If your yard does not have a good source of gritty soil, then you will want to purchase some grit or sand for the chickens. They actually do ingest the dirt. It settles in their gizzard, which is a muscular organ with a thick lining. Since chickens do not have teeth, they chew grains and seeds and nuts with the grit in their gizzards.

Image credit: Glenn Emerson for My Chinese Home Kitchen, 2023
When this old girl began to grow new tail feathers, and got strong enough to fly again, she also started laying eggs again. Her comb became a healthy red (a chicken’s comb is like a car’s radiator–it is filled with blood vessels that allow the chicken to regulate body heat). So, I switched her from chick grain to layer mash. I still supplement her diet with handfuls of scattered oatmeal, especially when I want her to help with weeding my yard.
Chickens and gardens
Backyard poultry can be much more useful than just giving you fresh eggs at home. Properly managed, chickens can be very beneficial to your garden. Chickens will eat the bugs that eat your plants, reducing your need for pesticides. Chickens generate manure high in nitrogen, reducing your need for commercial fertilizers. High nitrogen chicken manure, added with the high carbon leaves and grass clippings from your yard, and the vegetable scraps from your table produce quality compost. If you live an area with poor soils, like me, compost is essential for gardening.
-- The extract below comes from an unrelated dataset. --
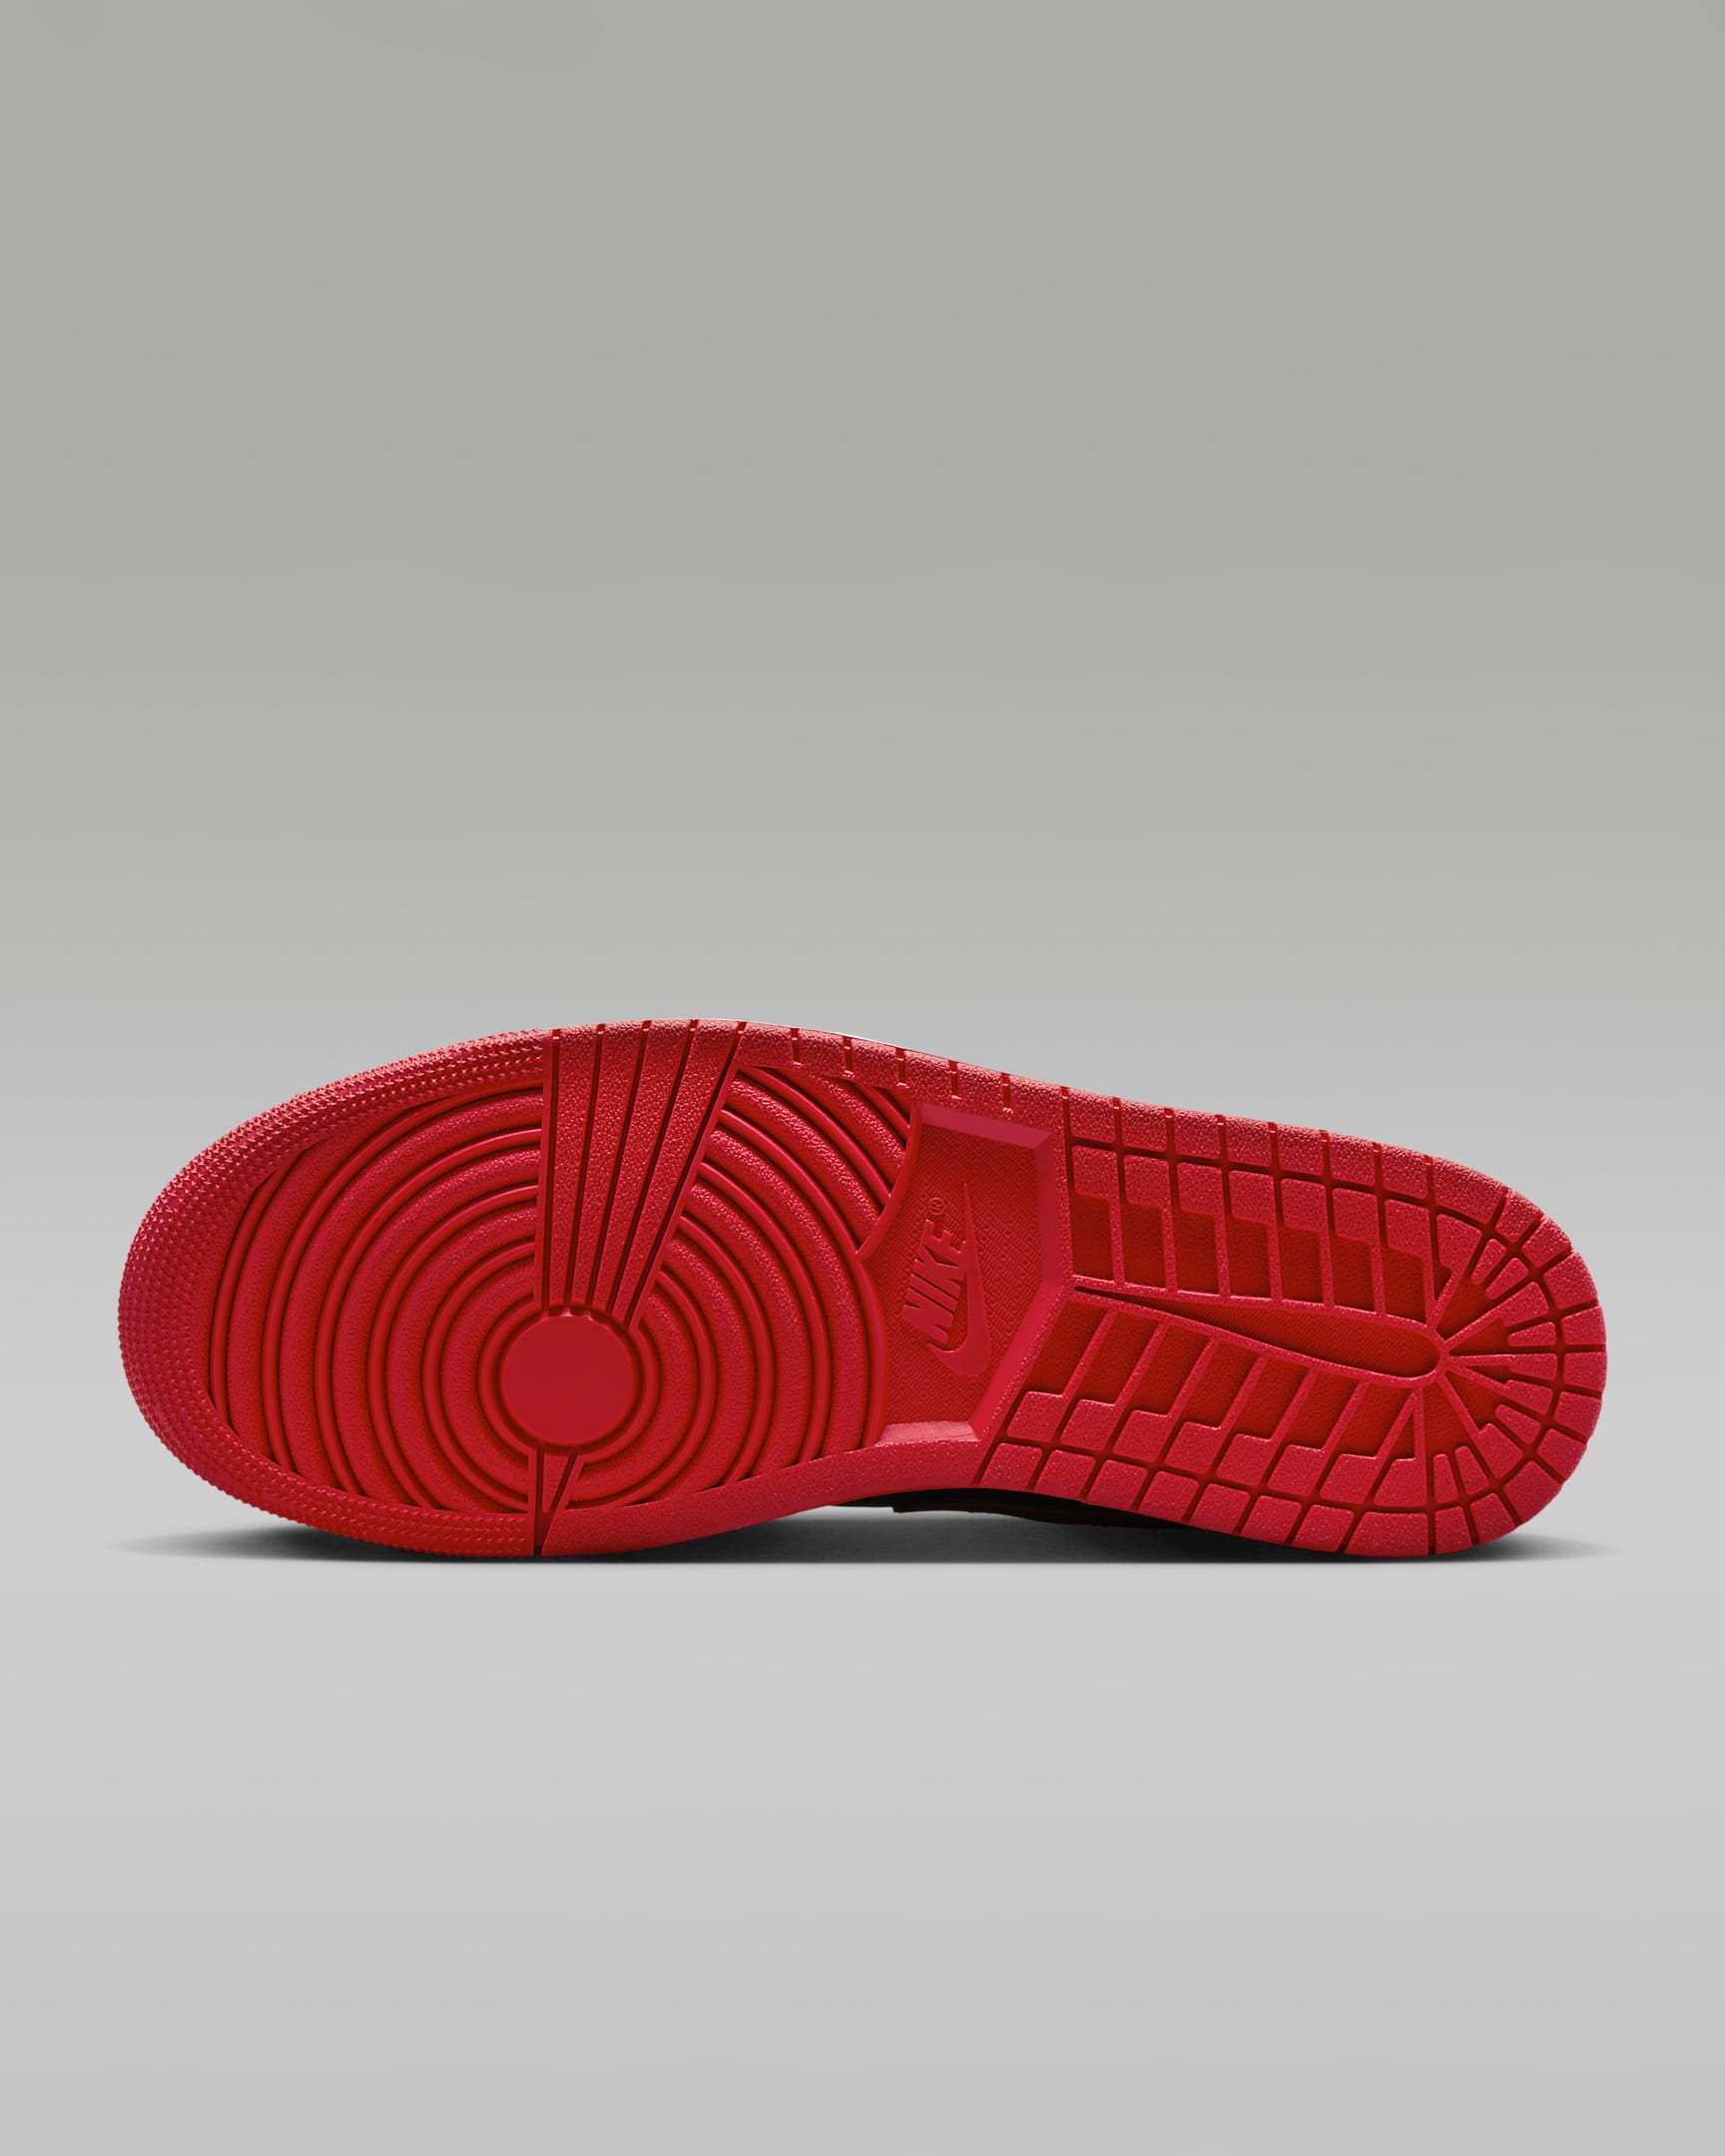 Air Jordan 1 Low Men's Shoes - Black/Cement Grey/White/Fire Red

Chickens will also weed your garden. A chicken does not know a weed from a plant, but chickens will scratch up small plants when scratching for bugs. Chickens also like to take dirt baths to prevent lice and mites from infesting their feathers. So, do not allow chickens into new plantings. You will find your seedlings all scratched up and a happy hen or two rolling in the dust.
How hardy are chickens?
Left entirely alone, chickens can survive for a time. For about a year, there was a flock of stray roosters wandering the creek near my home. The temperature here ranges from 115 degrees (46 C) in the summer to 25 degrees (-4 C) during the winter. A chicken’s feathers provide a layer of insulation, trapping dead air about the body and those six roosters survived. However, chickens need shelter from predators if they are to live for very long. Chickens also have real nutrition needs if they are going to be strong and healthy. Over time, those six roosters became five, then three, and then I stopped seeing and hearing them altogether.
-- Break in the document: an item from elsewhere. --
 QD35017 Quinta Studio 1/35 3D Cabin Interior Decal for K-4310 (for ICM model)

With care and shelter from predators, chickens can live for 10 years or longer. Some breeds will even keep laying eggs that long.
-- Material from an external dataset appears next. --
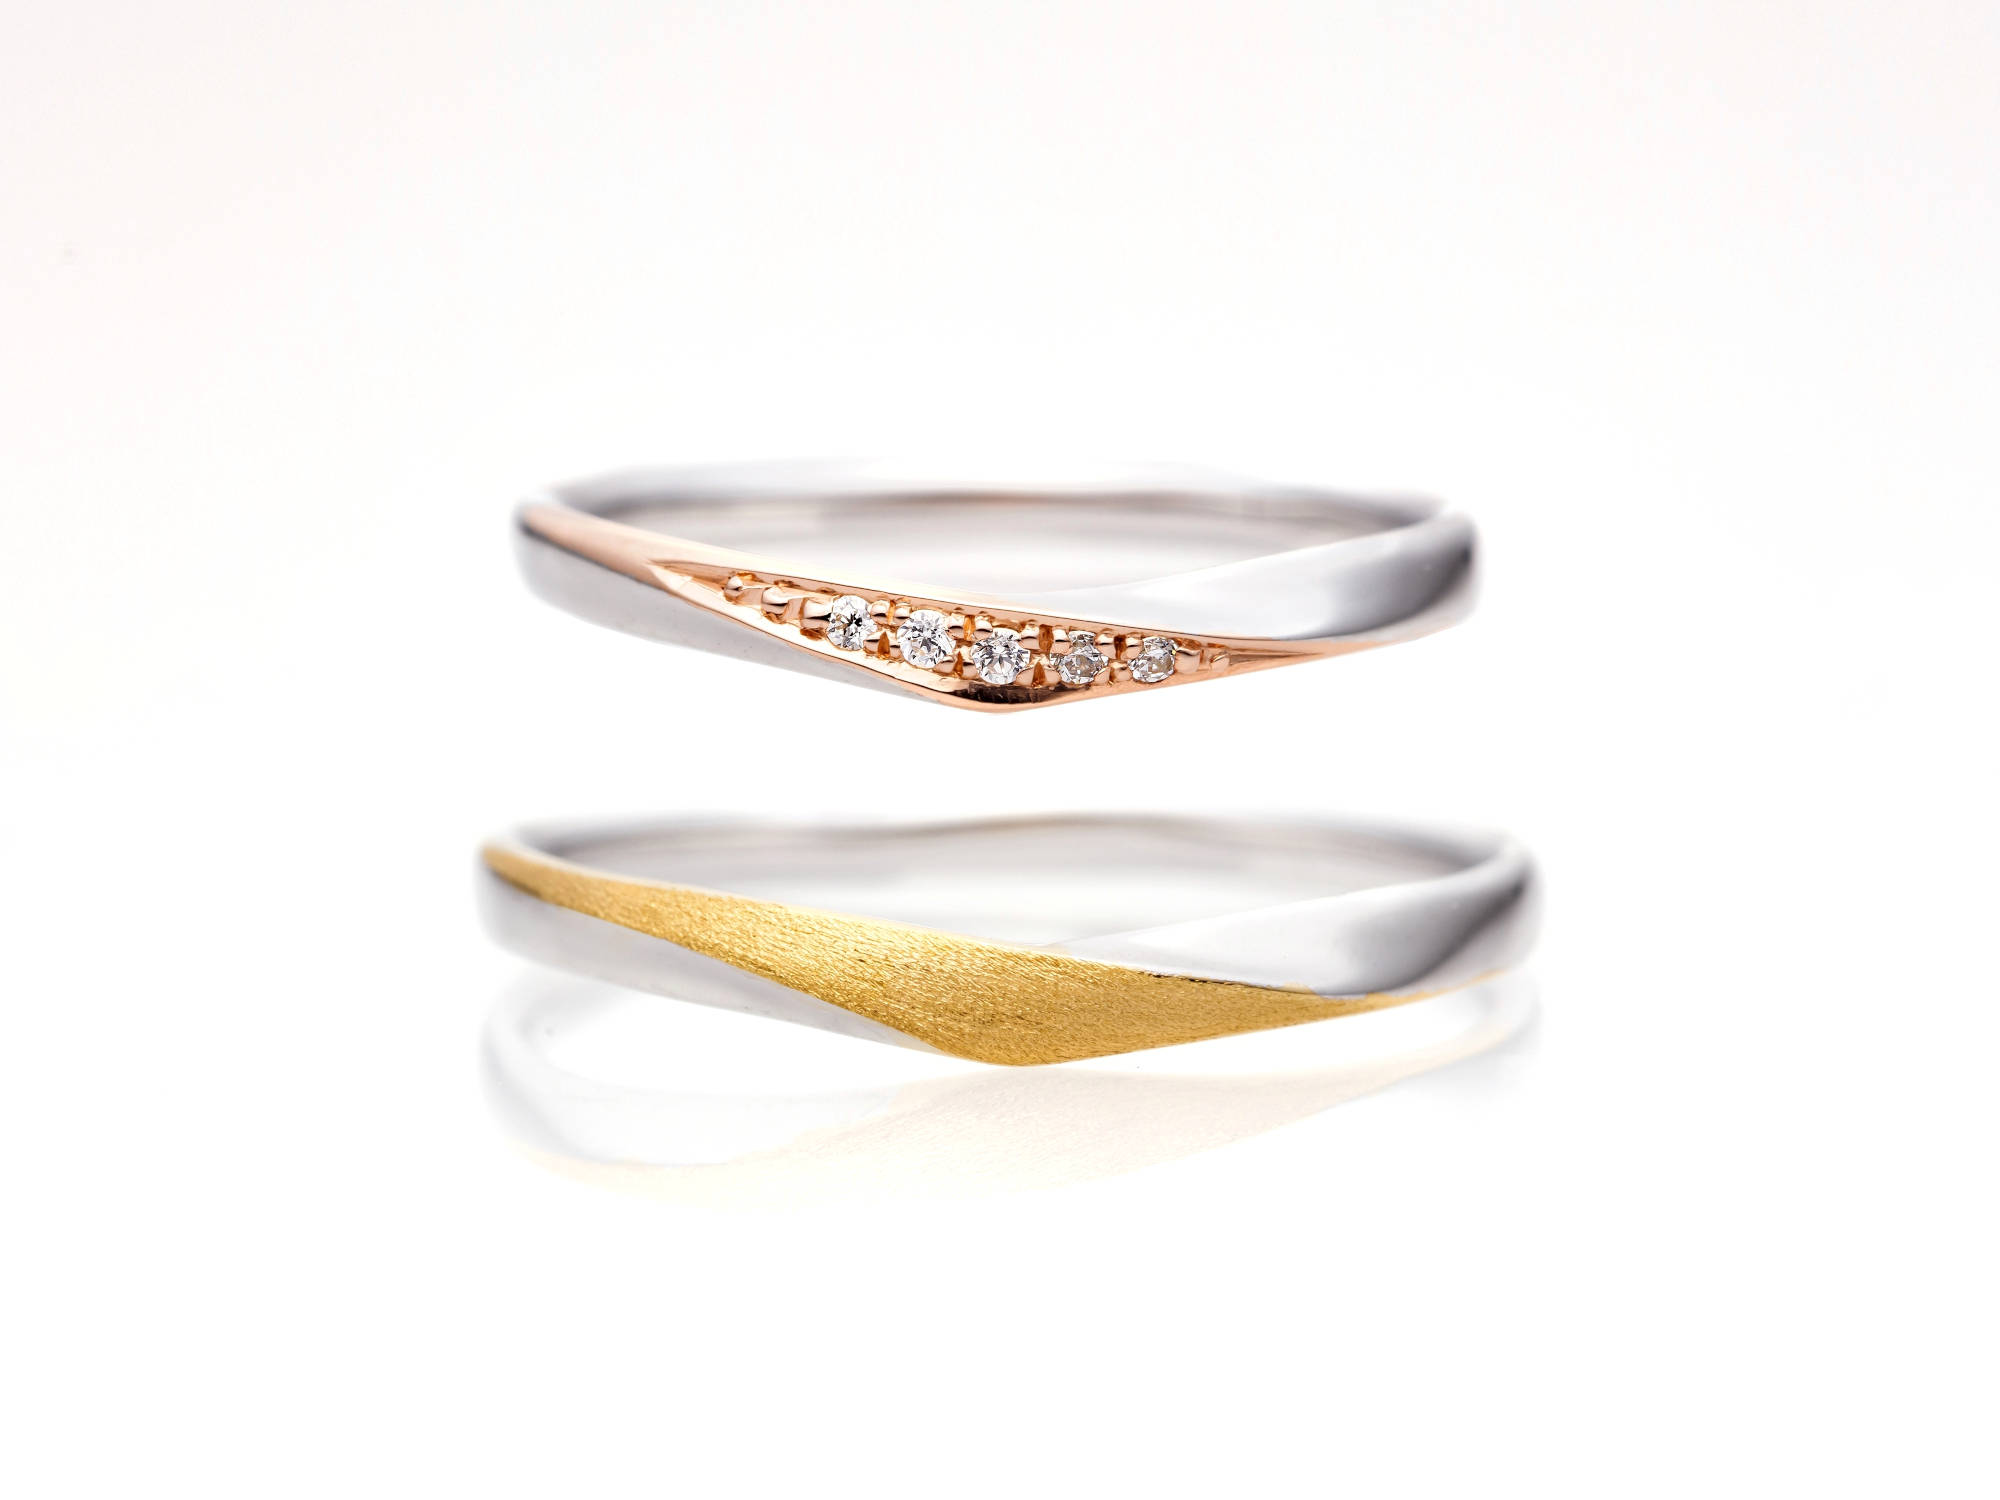 Sainte Couture 結婚指輪コンビネーションカラー

Backyard poultry and predators
While chickens have many predators, cats that try to attack a full grown chicken usually regret the experience. Chicken talons are tough and sharp, beaks are hard, pointy, and chickens use them mercilessly in self-defense. The threats to grown chickens include hawks, raccoons, weasels, foxes, and sometimes dogs that have decided they like killing chickens. Most dogs get along with chickens though. Eggs are liked by skunks, possums, snakes, rats, and mice.
The best way to protect your chickens is provide them with a shelter at night. This should include a roost, and if a nest box or two. A roost is as simple as a rod or board that the chickens can fly up to and sleep, so they can get off the floor. You can build a fancy chicken coop, or simply fence off an area of your garage and cut a hole in the wall for the chickens to go out in the yard.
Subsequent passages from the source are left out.